# About this exercise
From the records below, copy out exactly the lines from the one containing "A professor told dirty jokes in class" to the one containing "Hicks Family Farm", both included. Add nothing else.
*** Working data ***
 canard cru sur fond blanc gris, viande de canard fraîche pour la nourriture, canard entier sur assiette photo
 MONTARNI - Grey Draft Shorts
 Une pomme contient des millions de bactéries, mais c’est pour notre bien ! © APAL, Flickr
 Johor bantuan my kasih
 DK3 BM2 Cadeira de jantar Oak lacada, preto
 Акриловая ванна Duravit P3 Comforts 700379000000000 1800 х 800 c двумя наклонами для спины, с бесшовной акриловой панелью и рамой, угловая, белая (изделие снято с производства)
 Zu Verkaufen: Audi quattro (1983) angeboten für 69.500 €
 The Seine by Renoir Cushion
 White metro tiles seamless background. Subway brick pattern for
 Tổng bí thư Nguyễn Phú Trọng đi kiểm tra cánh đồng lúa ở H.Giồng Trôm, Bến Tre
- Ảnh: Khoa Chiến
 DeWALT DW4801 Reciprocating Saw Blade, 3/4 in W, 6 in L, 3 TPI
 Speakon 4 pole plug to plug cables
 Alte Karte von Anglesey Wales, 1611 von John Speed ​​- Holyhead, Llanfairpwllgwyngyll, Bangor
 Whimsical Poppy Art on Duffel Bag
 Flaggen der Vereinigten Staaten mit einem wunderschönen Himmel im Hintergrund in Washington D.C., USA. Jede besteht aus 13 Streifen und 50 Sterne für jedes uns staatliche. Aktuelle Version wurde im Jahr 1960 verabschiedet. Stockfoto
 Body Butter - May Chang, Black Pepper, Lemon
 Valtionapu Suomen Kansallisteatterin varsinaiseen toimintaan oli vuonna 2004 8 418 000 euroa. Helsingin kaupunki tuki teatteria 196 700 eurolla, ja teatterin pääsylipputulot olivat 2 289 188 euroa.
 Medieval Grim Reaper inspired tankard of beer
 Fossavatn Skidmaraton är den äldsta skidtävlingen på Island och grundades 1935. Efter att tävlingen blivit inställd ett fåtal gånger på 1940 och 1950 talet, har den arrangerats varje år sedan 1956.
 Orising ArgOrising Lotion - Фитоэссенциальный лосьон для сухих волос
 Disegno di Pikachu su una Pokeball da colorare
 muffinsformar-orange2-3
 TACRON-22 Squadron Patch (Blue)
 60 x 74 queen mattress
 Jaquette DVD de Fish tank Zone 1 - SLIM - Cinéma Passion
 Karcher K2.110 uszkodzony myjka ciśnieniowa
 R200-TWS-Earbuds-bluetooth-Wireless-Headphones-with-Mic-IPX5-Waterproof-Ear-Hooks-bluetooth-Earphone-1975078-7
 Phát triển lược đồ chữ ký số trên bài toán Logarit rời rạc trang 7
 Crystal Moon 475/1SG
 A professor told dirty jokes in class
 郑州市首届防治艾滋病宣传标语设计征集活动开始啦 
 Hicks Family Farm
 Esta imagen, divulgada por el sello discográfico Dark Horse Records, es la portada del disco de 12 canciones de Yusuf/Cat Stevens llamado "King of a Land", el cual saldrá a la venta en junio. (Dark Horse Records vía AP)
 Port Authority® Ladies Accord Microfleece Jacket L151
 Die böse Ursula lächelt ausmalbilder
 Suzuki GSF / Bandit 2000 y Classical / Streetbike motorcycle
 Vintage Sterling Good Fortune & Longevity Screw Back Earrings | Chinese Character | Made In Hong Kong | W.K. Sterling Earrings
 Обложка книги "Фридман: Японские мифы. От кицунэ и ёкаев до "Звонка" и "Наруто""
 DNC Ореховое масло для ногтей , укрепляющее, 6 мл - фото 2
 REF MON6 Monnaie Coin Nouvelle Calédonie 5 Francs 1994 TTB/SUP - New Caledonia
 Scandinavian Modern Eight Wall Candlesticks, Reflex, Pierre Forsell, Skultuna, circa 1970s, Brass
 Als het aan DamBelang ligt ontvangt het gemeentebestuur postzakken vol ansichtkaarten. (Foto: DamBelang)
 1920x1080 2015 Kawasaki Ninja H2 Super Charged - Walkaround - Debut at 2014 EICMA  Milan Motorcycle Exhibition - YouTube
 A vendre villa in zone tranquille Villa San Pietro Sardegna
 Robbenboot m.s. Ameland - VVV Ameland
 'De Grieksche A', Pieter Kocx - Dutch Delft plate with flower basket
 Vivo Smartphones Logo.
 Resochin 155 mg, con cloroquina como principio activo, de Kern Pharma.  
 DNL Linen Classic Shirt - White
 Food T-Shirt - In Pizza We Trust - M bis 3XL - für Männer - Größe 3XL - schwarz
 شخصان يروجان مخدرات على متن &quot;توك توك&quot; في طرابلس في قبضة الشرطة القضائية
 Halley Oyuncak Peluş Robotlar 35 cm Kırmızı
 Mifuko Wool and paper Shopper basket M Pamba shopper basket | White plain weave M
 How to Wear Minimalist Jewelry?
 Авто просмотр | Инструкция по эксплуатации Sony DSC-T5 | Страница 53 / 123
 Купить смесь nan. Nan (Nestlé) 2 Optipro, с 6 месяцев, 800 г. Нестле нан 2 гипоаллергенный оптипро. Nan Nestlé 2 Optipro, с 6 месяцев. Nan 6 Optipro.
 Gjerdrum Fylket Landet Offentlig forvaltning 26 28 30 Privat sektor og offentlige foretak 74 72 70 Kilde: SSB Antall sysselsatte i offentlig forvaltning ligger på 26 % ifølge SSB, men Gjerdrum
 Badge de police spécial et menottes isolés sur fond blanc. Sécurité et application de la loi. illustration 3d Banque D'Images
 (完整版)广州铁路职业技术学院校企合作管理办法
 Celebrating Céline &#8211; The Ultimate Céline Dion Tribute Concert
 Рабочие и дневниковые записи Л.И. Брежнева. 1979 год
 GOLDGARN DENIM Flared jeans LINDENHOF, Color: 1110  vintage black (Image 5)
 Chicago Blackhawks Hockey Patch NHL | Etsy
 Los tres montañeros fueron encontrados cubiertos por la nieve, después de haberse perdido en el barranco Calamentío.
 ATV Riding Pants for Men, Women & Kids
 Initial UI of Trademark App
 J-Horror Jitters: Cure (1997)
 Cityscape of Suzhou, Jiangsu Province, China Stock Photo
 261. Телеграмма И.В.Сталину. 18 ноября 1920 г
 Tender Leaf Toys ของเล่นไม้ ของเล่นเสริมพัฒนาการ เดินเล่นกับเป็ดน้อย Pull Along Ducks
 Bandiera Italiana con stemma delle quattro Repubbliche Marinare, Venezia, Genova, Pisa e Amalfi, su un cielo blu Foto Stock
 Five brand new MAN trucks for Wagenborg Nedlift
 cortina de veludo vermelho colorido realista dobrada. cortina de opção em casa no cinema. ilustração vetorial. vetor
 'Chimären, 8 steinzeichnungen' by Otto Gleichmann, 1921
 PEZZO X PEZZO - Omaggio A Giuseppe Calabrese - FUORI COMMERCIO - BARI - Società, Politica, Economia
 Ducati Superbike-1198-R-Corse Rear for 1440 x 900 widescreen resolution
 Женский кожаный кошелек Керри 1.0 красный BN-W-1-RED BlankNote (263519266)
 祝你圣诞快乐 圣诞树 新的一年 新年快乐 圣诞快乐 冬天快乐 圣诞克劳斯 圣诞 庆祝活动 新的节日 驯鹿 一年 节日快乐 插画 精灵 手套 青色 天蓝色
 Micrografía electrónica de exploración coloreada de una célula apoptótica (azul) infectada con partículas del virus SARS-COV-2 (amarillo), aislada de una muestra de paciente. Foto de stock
*** End of Working data ***
# Answer box
 A professor told dirty jokes in class
 郑州市首届防治艾滋病宣传标语设计征集活动开始啦 
 Hicks Family Farm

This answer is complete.